THREE — ACTIONS TO TAKE TODAY

Audit one workload's model bill today. Take your highest-volume AI task, run it on a cheap or open model against the same test set, and check the output holds. That is exactly the move that found Ensemble a 23x cut. If nobody in your shop owns the question "is this the cheapest model that does the job," you just found your assignment.

Build the scoreboard before you scale. The reason 95% of pilots show no return is that nobody could grade the work, so nobody trusted it enough to ship. Pick one workflow and write down, in plain words, what "right" looks like. The team that can grade the output is the team that deploys it before the capability commoditizes.

Standardize on a routing rule, not a model. Frontier tokens for the 20% of work where the extra smarts change the outcome; cheap or open for the rest. Write the rule down and give someone the keys. Today's frontier is next quarter's commodity, and a static default quietly overpays every day you leave it alone.
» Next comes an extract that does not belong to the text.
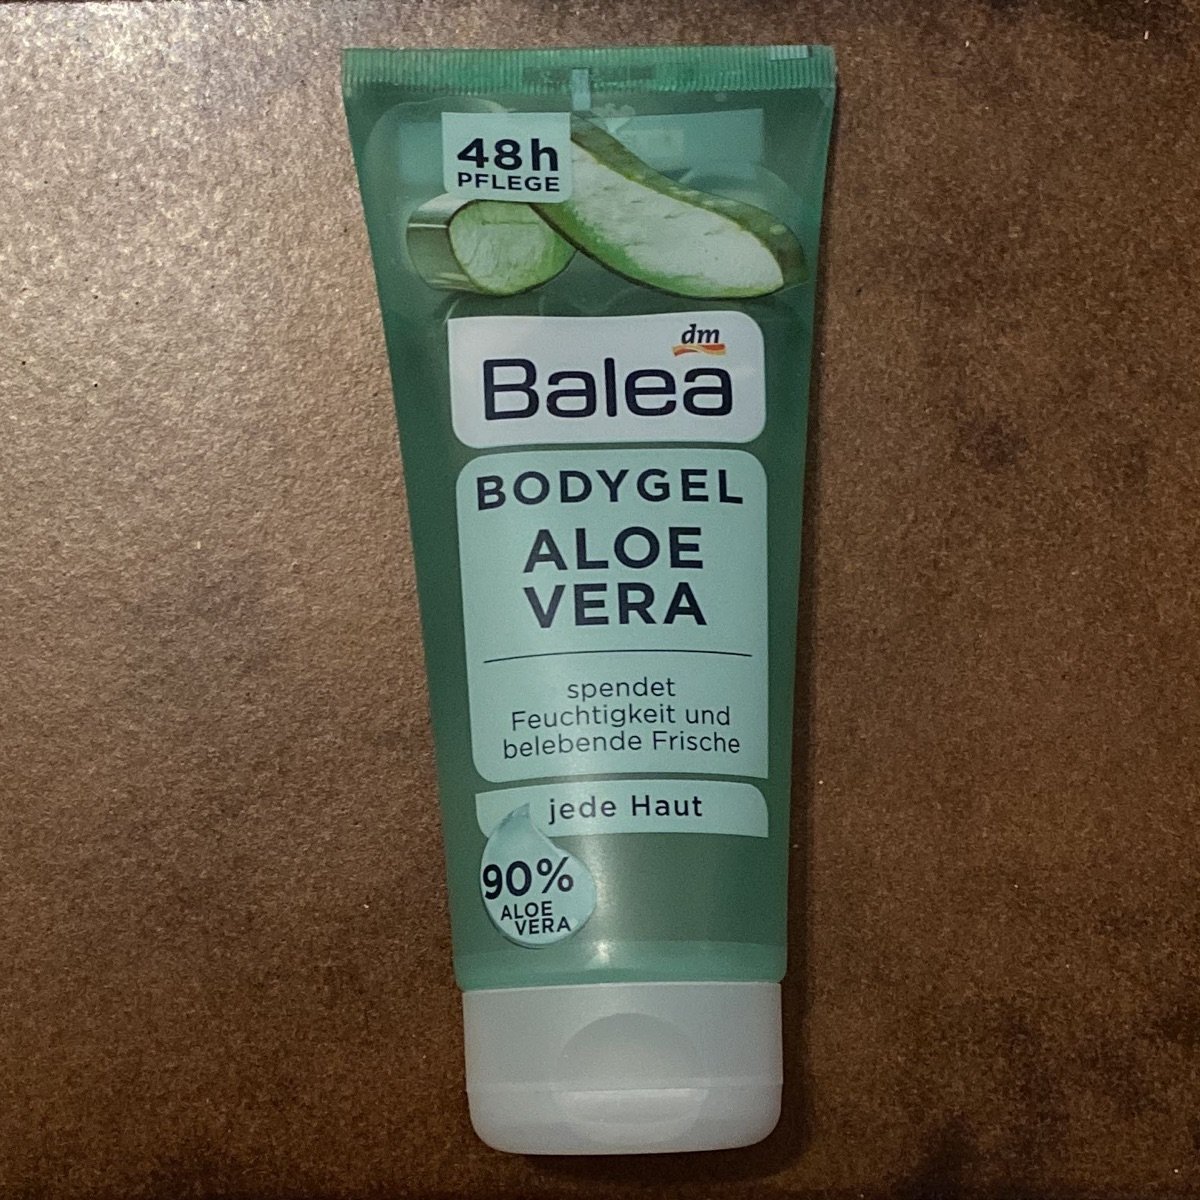 Dm balea Body Gel Aloe Vera Review | abillion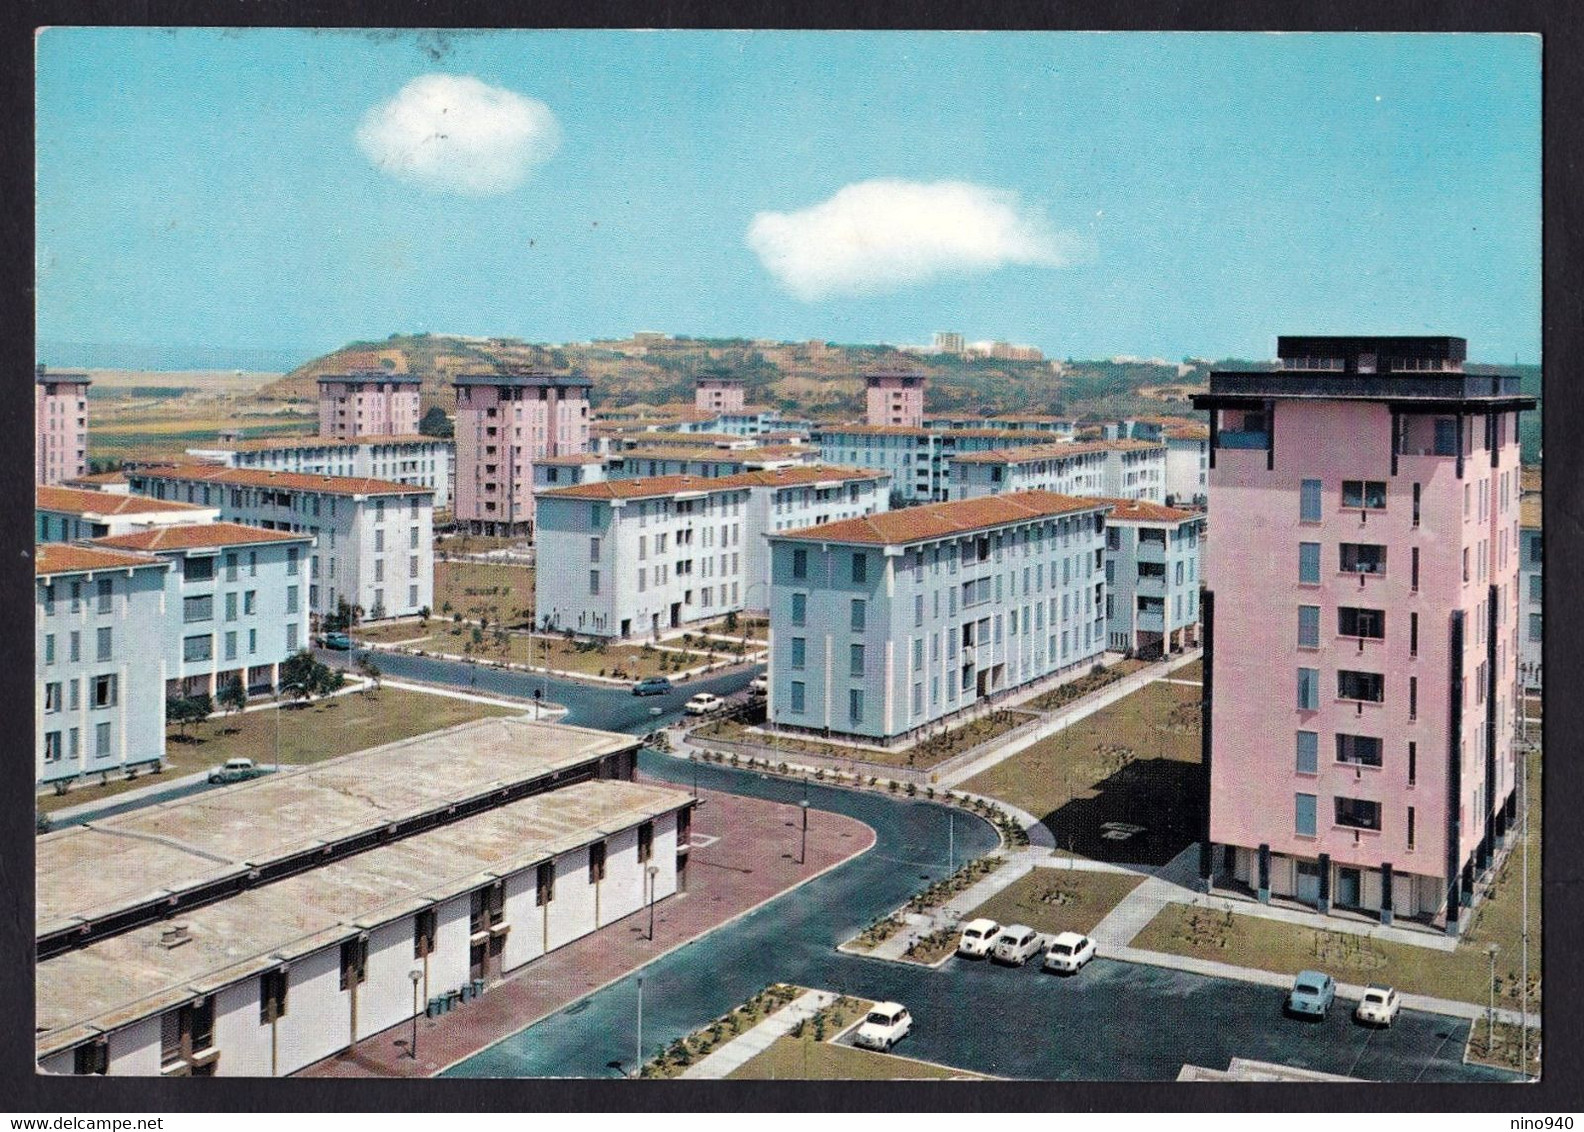 GELA (CL) - Quartiere Residenziale "ANIC Gela" - F/G - V: 1969 - Gela

FIVE — STORIES TO KEEP YOU INFORMED

Thursday, June 25

A $100M buyer calls the frontier 23× too expensive. (Full analysis above.) Ensemble Health moved hospital revenue-cycle work to a model 23 times cheaper than OpenAI's top tier and said it worked; 65% of its platform's June tokens were open-source. The expensive model just became optional.

OpenAI becomes a chip company. (Full analysis above.) The Jalapeño "Intelligence Processor," built with Broadcom, is OpenAI's first in-house silicon and its bid to go full-stack. Read it plainly: the only way to defend a token margin buyers won't pay is to own the cost of making the token.

The memory trade cracked. The Philadelphia chip index dropped 7.9%, Micron and SanDisk roughly 13% each, and Korea's Kospi tripped its circuit breaker — one session before Micron's earnings call. The market's first real vote that the AI-capex bill could be near its peak, not its floor.

Agility Robotics heads to Wall Street at $2.5B. The warehouse-humanoid maker is going public via SPAC — labor-as-a-service underwritten by the public markets. The question isn't whether Digit walks. It's whether the math pencils against a forklift and a person.

Gemini 3.5 Flash gets native computer use. Google baked agentic computer-use into its cheap, fast tier. A capability that was a premium standalone six months ago now ships down-market — the commoditization clock, running exactly on time.

MARK TO MARKET

Where the cycle caught up to us this week.

The model isn't the moat. "The lever is free; the value is the fulcrum — proprietary data, judgment, distribution" (us, Show Me Where to Put the Fulcrum, Jun 16) → Microsoft's Brad Smith, amplifying Emergence Capital's Gordon Ritter, "the lasting value of AI won't reside in any single model" (his phrase: "above the model"), reposted by Satya Nadella (X, Jun 24).

Own the router, not the model. "When the model is a rental, own the layer that decides which one gets the part" (us, Central Casting, Jun 23) → Implicator on Sakana Fugu: buyers get "one black-box router… a new layer they still cannot see" (Implicator.ai, Jun 24).

The tape doesn't lie. We just read it early.